This is the tangent of the point on the surface.

Next, consider another vector (such as the tire of your unicycle) goes through this bump. We consider a unicycle because it is simpler: we need to consider only one wheel. What is the rate of changes along this surface? If you ride the unicycle along this bump without getting onto the bump, then the vector of your movement can be expressed by

$v = x {\bf i}$

How is this affected by the slope of the bump? The calculation is the inner product of the two vectors:

$\nabla p \cdot v = x {\bf i}$.

Notice that this inner product contains no $\theta$. What does this mean? It means that your movement is not affected by $\theta$. This is obvious because you are not riding onto the bump.

Next, consider that you ride straight to the bump. The vector will be

$v = - y {\bf j}$

The slope of the bump affects your actual movement, again by the inner product:

$\nabla p \cdot v = y \alpha \sin(\theta) {\bf j}$.

How can we interpret this? The moment when your tire hits the bump, $\theta$ is zero so your tire’s movement along the ${\bf j}$ direction is zero. This is understandable because you cannot penetrate into the bump. When the tire is at the top of the bump, $\theta$ is $\frac{\pi}{2}$ and the tire has the highest speed.
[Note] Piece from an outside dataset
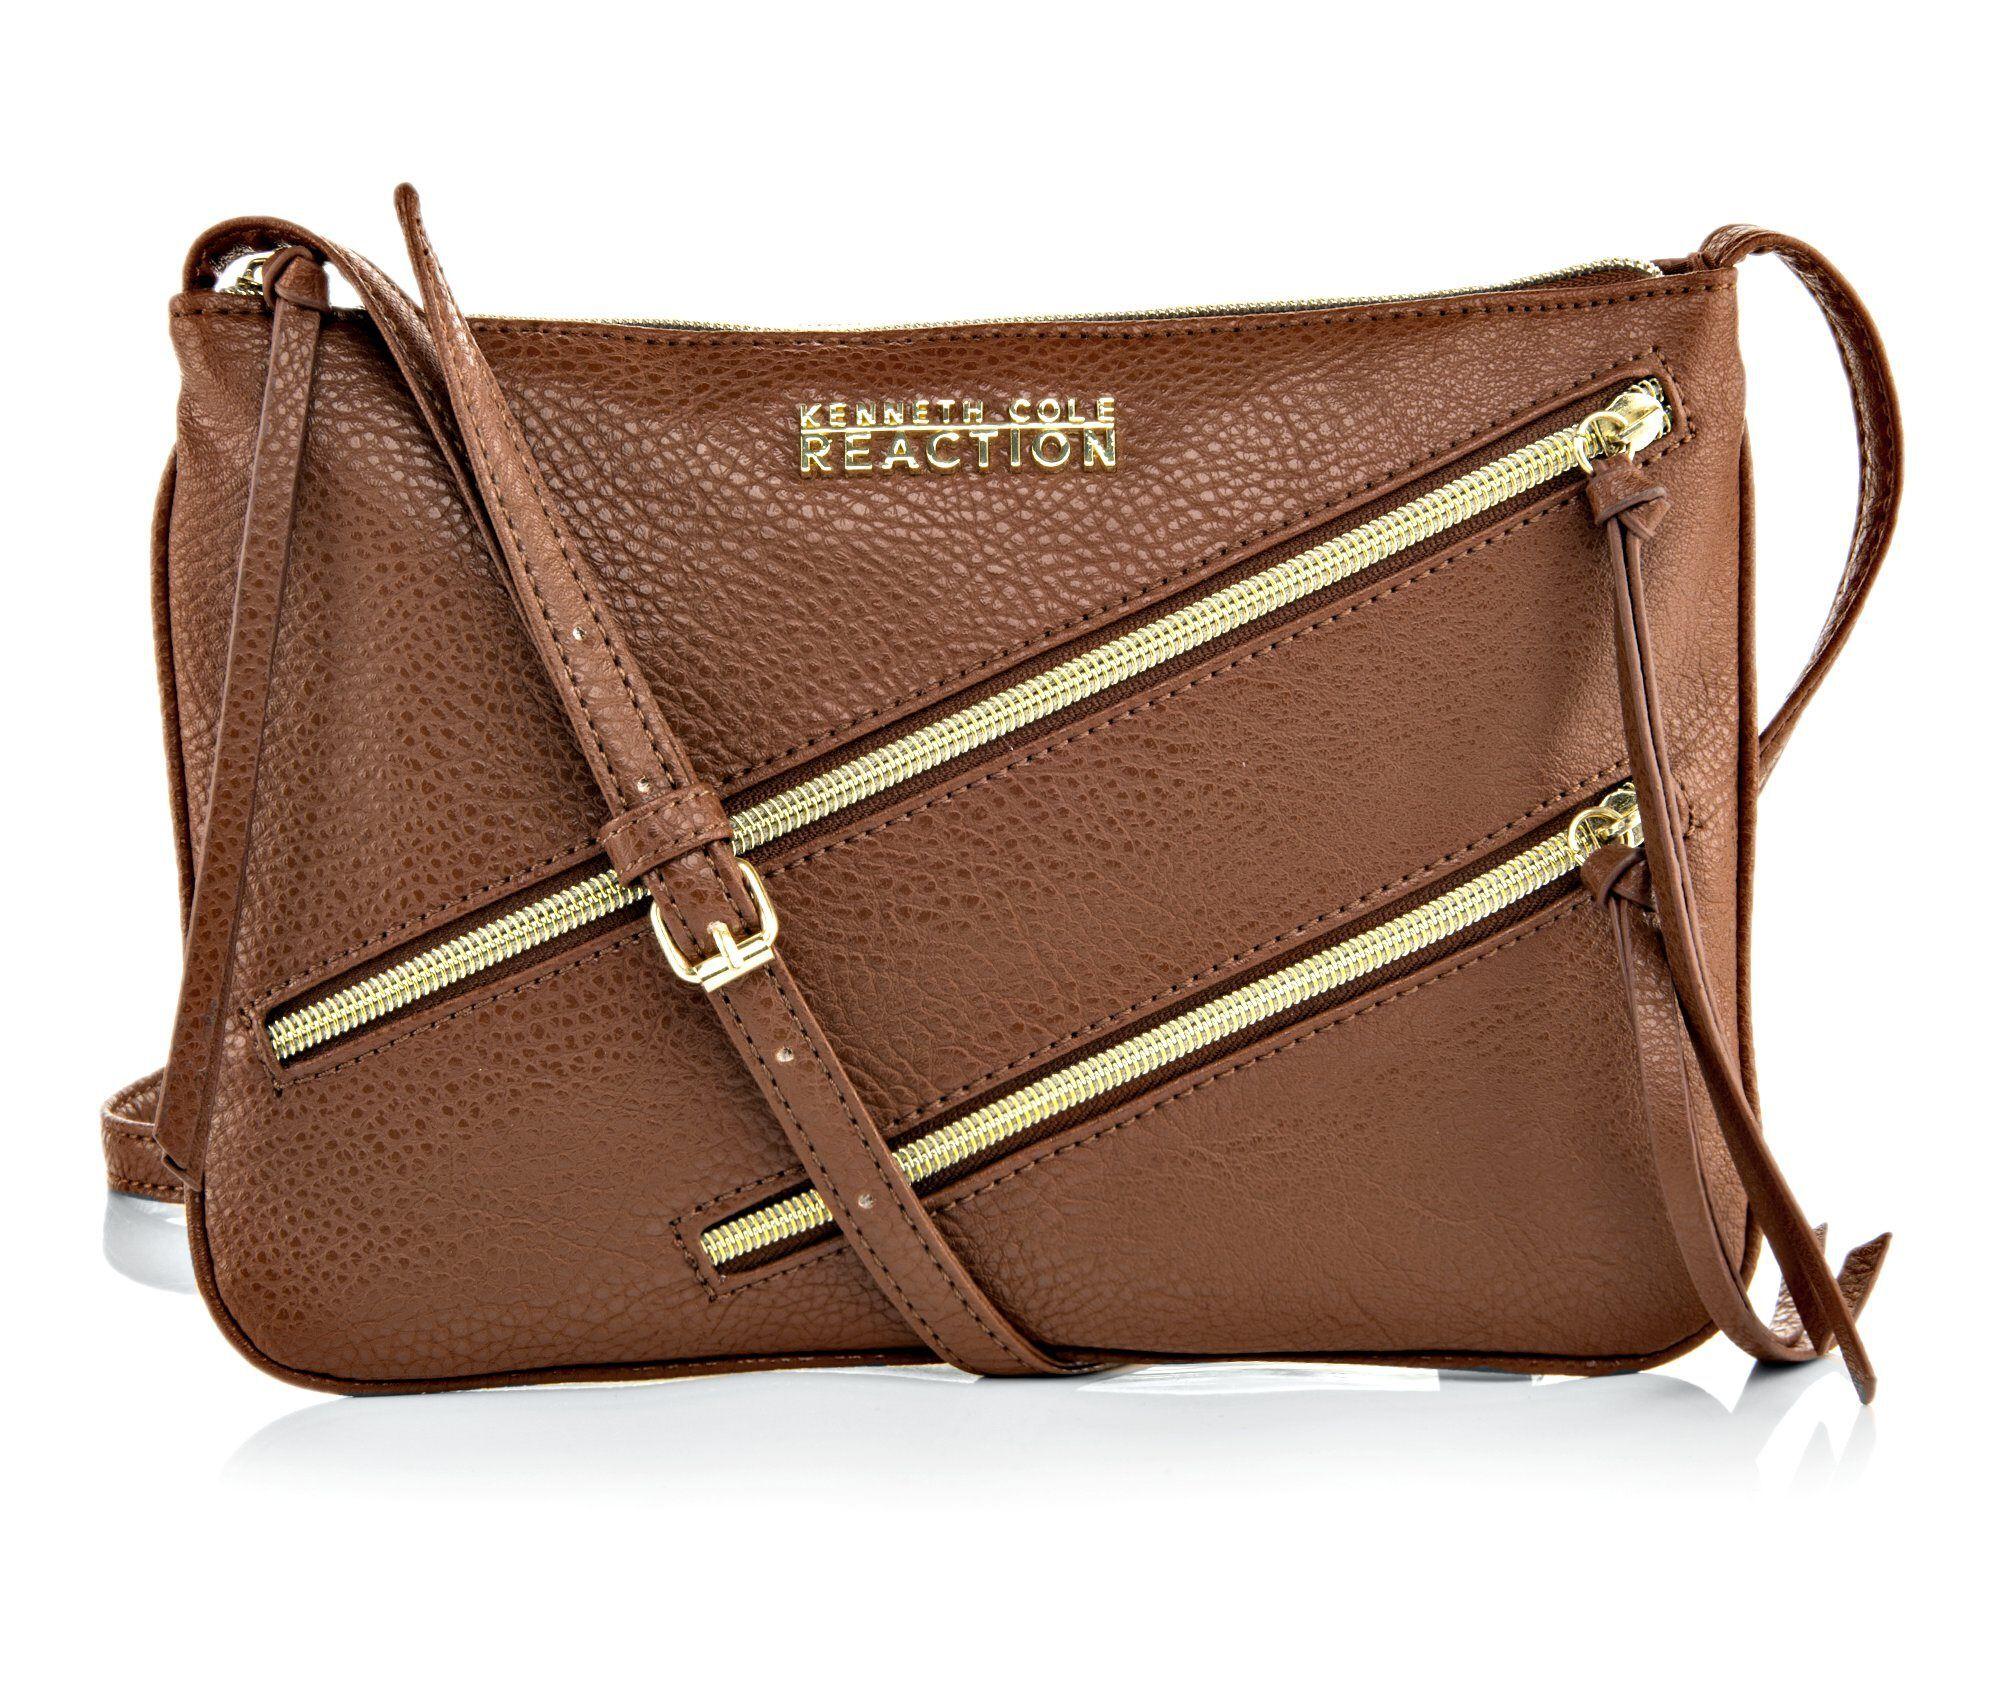 Kenneth Cole Reaction Lasso Mini Crossbody Bag Merlot

Based on this understanding, it is easier to answer the following question: “Which direction along the surface gives the greatest changes?” Because the actual change is the inner product of the direction and the gradient, the greatest change occurs along the direction of the gradient.

Gradient Descent¶

Gradient Descent is a method for solving minimization problems. The gradient of a function at a point is the rate of changes at that point. Let’s consider a simple example: use gradient descent to find a line that has the smallest sum of square error. This is the same problem described above. The earlier solution uses formulae to find $a$ and $b$. Here, we will not use the formulae.

The gradient of a function is the direction of changes.
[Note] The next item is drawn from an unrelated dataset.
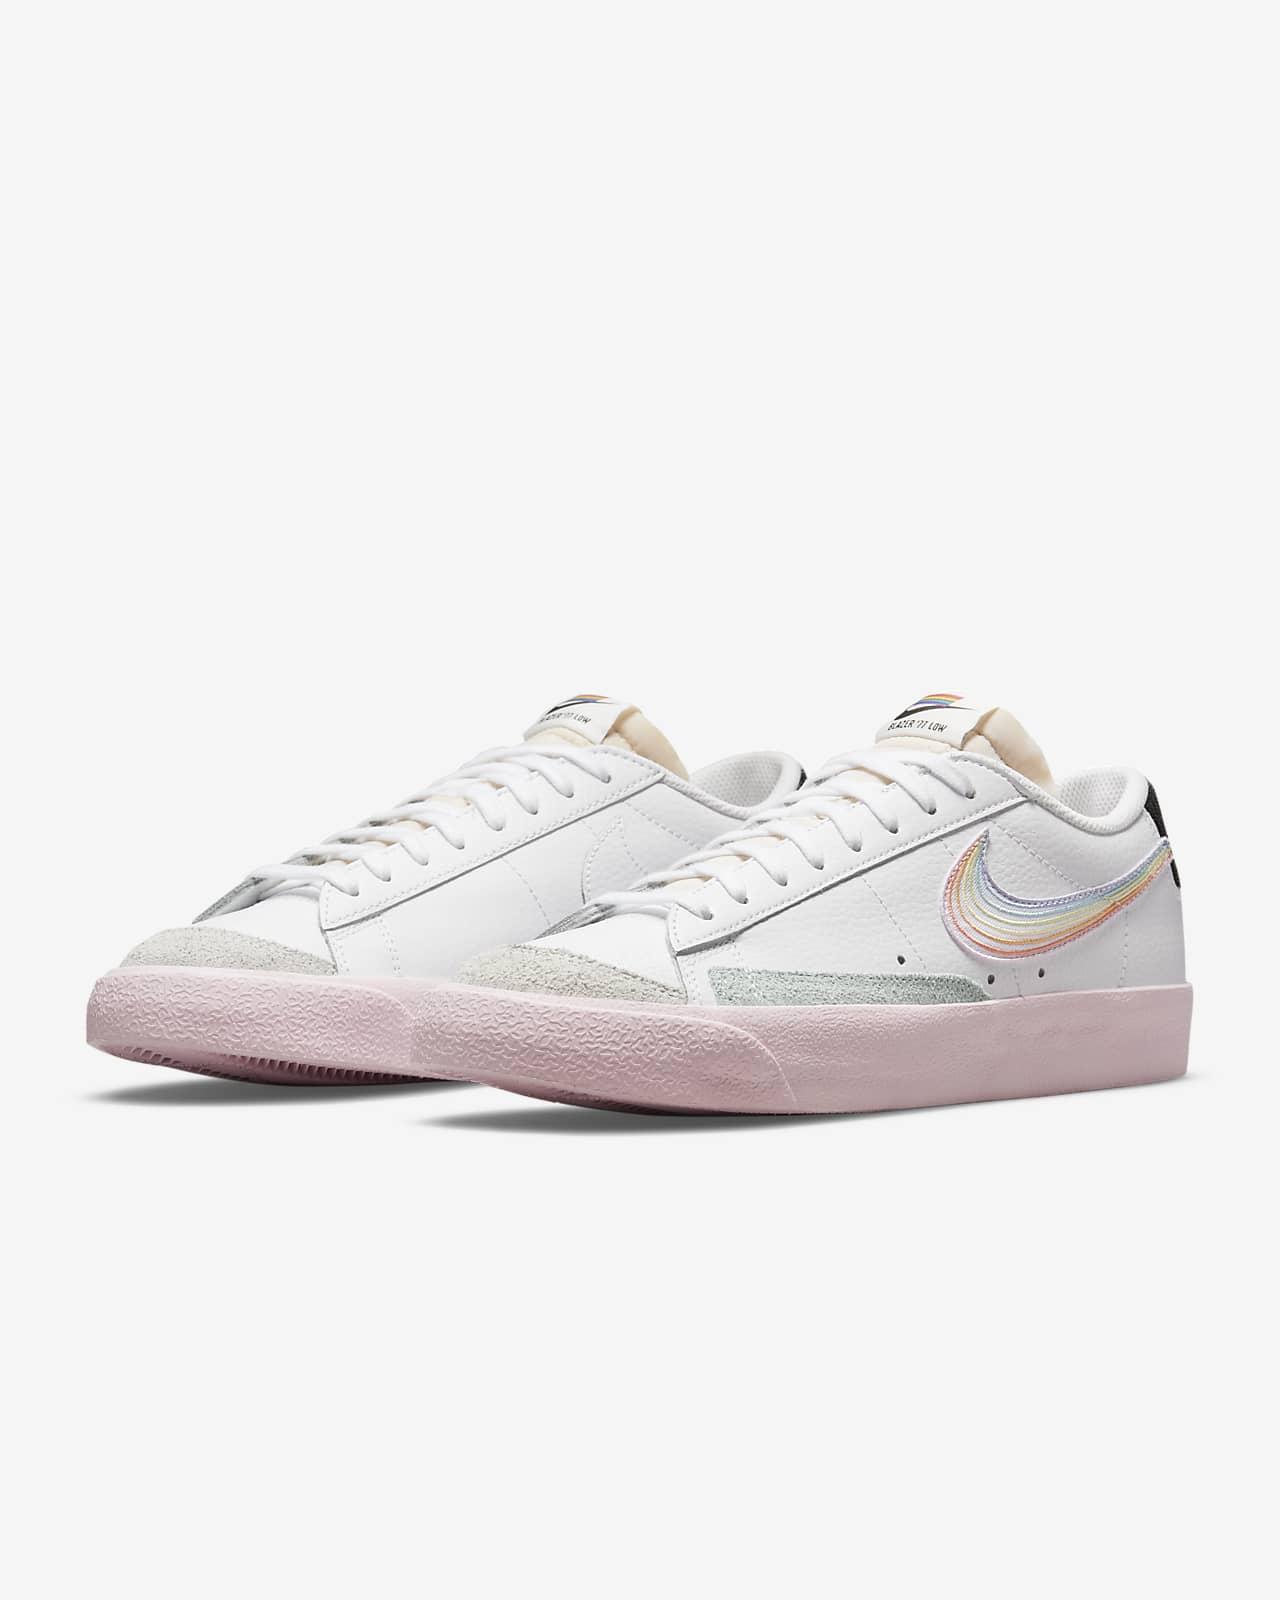 Nike Blazer Low '77 Vintage BeTrue Shoes

$\nabla e = \frac{\partial e}{\partial a} {\bf i} + \frac{\partial e}{\partial b} {\bf j}$

Suppose $\Delta w = \alpha {\bf i} + \beta {\bf j}$ is a vector.
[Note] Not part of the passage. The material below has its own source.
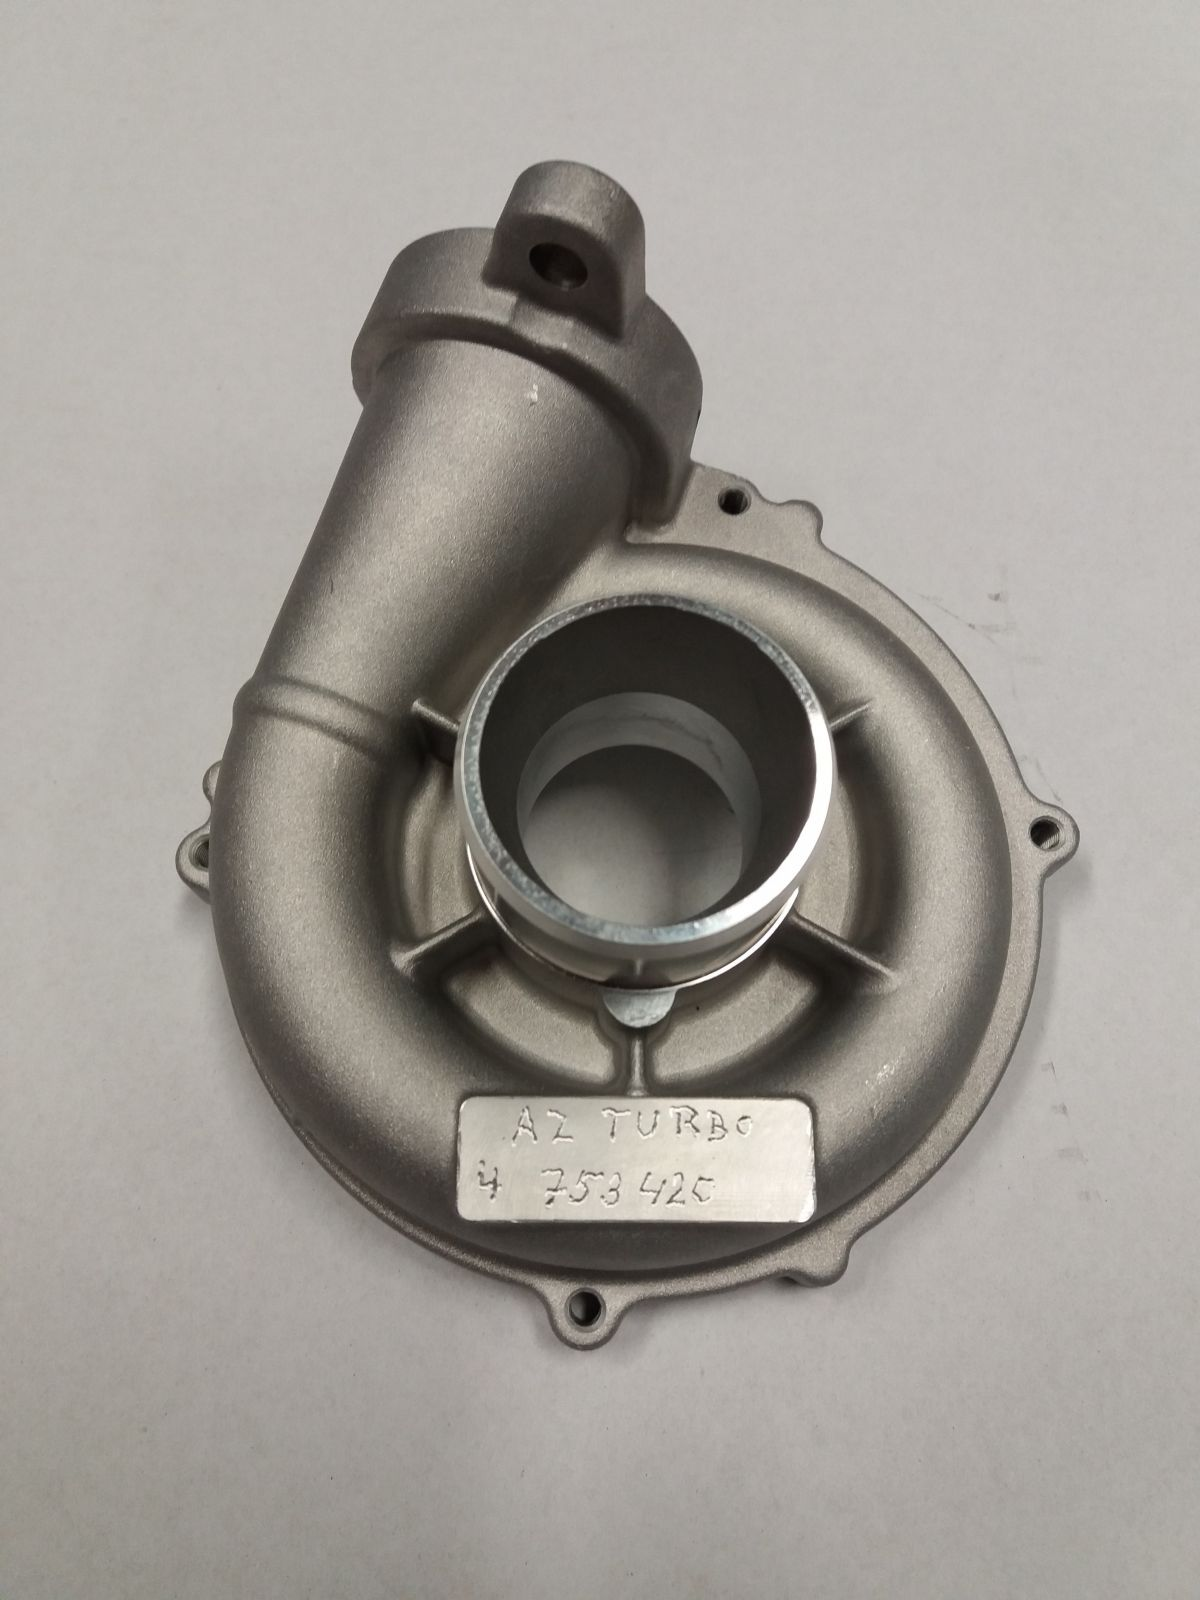 Sací komora turbodmychadla Peugeot 207 1,6HDi, 80kW, rv. 04-, Motor: DV6TED4 GARRETT

By definition, if $\Delta w$ is small enough, then the change in $\nabla e$ alogn the direction of $\Delta w$ can be calculated as

$\Delta e = \nabla e \cdot \Delta w$.

The goal is to reduce the error. Thus, $\Delta w$ should be chosen to ensure that $\Delta e$ is negative. If we make

$\Delta w = - \eta \nabla e$,

then

$\Delta e = \nabla e \cdot (- \eta \nabla e) = - \eta (\nabla e)^2$.

This ensures that the error $e$ becomes smaller. The value $\eta$ is called the learning rate. Its value is usually between 0.1 and 0.5. If $\eta$ is too small, $\Delta e$ changes very slowly, i.e., learning is slow. If $\eta$ is too large, $\Delta e = \nabla e \cdot \Delta w$ is not necessarily true.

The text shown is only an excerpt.